そういうことをする輩が求めているのが政治の助言だとは思えない。おそらくは自らの地位を確固としたものにするためだけに白澤を欲したのであって、それならば白澤の力を宿した上白沢の意思など不要。最悪なにかしらの術で意思のない人形にされかねない。

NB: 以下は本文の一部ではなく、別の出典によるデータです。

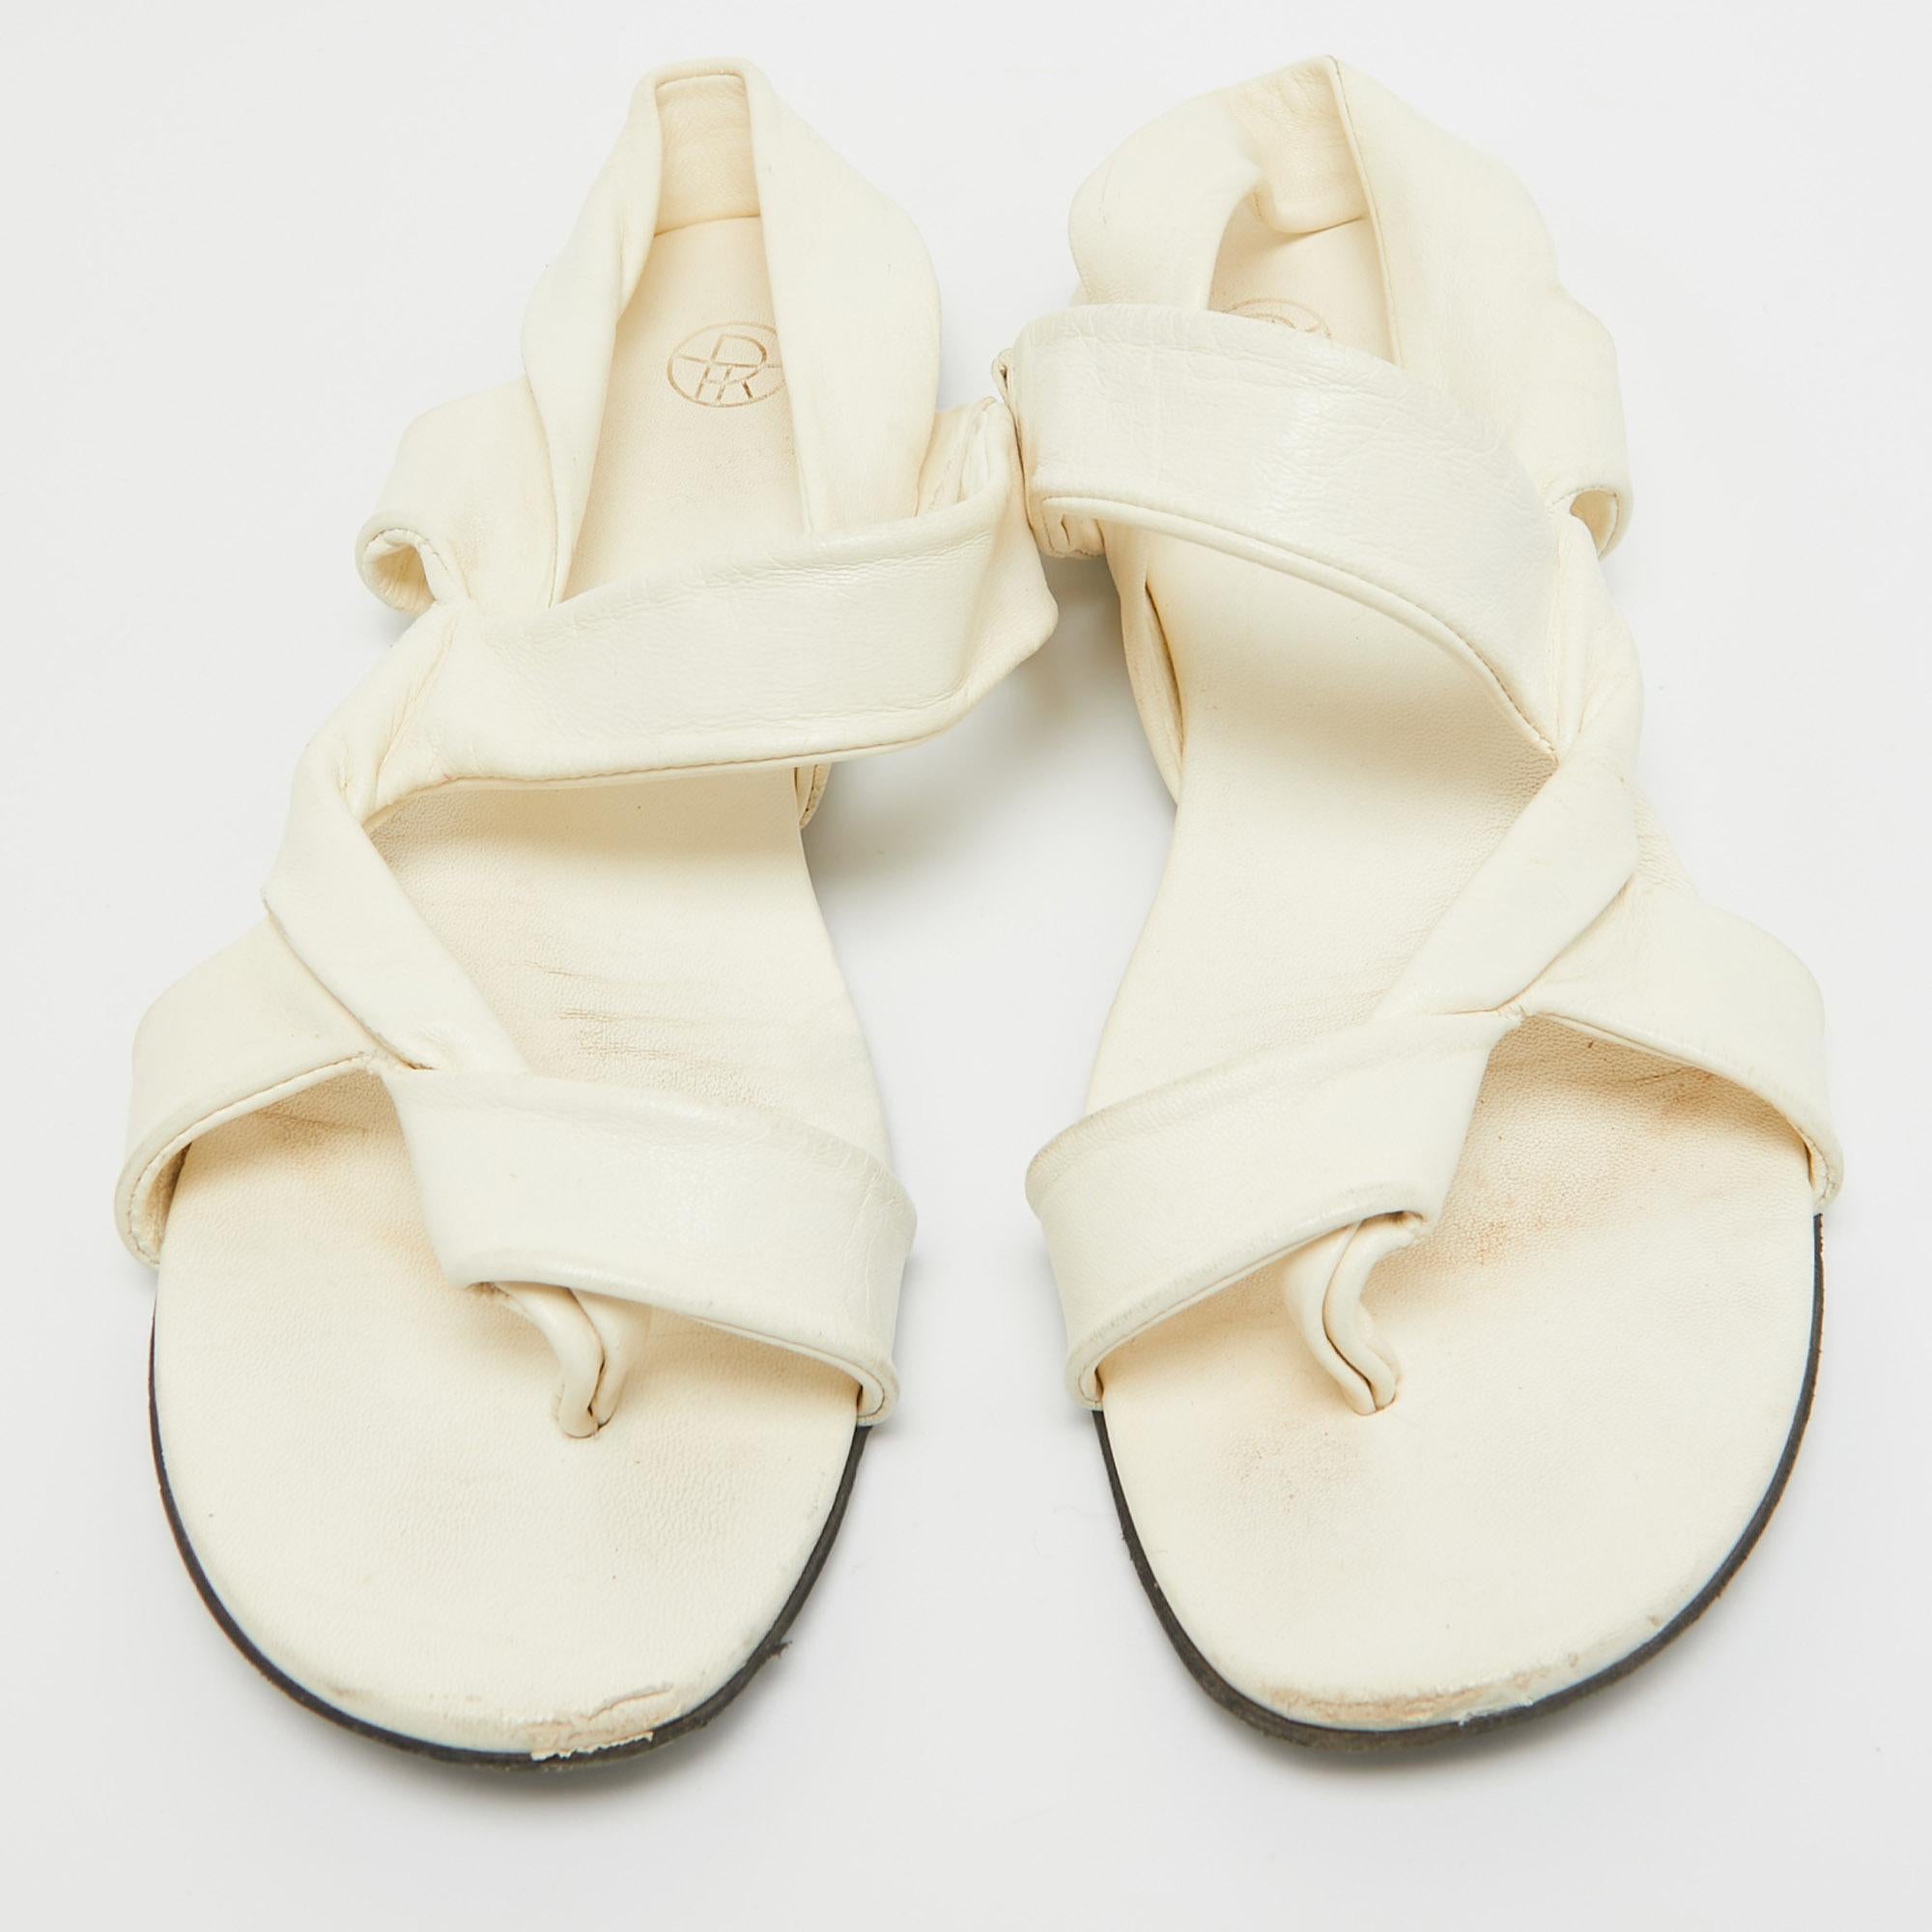 These sandals will frame your feet in an elegant manner. Crafted from quality materials, they flaunt a classy display, comfortable insoles & durable heels.

白澤の力がほしいという点では同じなのかもしれないがそこまで悪辣だと反吐が出る。
「そんな……」
「なあ妹紅、私にはお前と上白沢の関係が分からないのだが、一体どんな関係なんだ?
性も違うしそもそも藤原といえば都の中枢にいる貴族の名のはず。そんなお前がなぜこんな場所にいるんだ?」
妹紅のあまりの落ち込み具合に思わず藍が質問をする。確かにそれは気になってはいた。
藤原の氏は幻想郷で倒した陰陽師たちの最後の恨み言でよく耳にしたからある程度の情報は仕入れてあるが、都で権勢をふるった貴族の一門のはずだ。
「それは……」
なにやら話すのをためらっているようだが、やはり訳ありなのだろうか。白髪紅眼という見た目の奇異さが目立つがそれが原因なのかもしれない。
「一応お前らには慧音を見てもらった恩があるしな……
わかった、まず初めに言わなきゃいけないけど私は不老不死なんだ」
「「!?」」
不老不死!? そんなことが可能なのか!?
「まあ信じられないよな……これを見てくれ」
「おい、なにを!?」
固まる俺たちをよそに、妹紅は先ほど俺がはじいた刃物を拾い自分の腕に当てていた。
あわてて制止しようとしたが実にあっさりと妹紅は刃を引きそのまま腕を斬り落とした。
顔を少ししかめただけで平然としている妹紅に再び呆然としていると、驚いたことにすぐさま切り落とした腕は灰に、切り口には霧状の血が集まってきたかと思うと新たに腕が復元されていた。
「どう?なんなら頭でも心の臓でもつぶすよ」
「いや、いい……お前が不老不死なのは信じよう」
「よかった、一応痛みはあるからさ。不老不死になった理由は聞かないでくれ、あまり気持ちのいい話じゃないんだ。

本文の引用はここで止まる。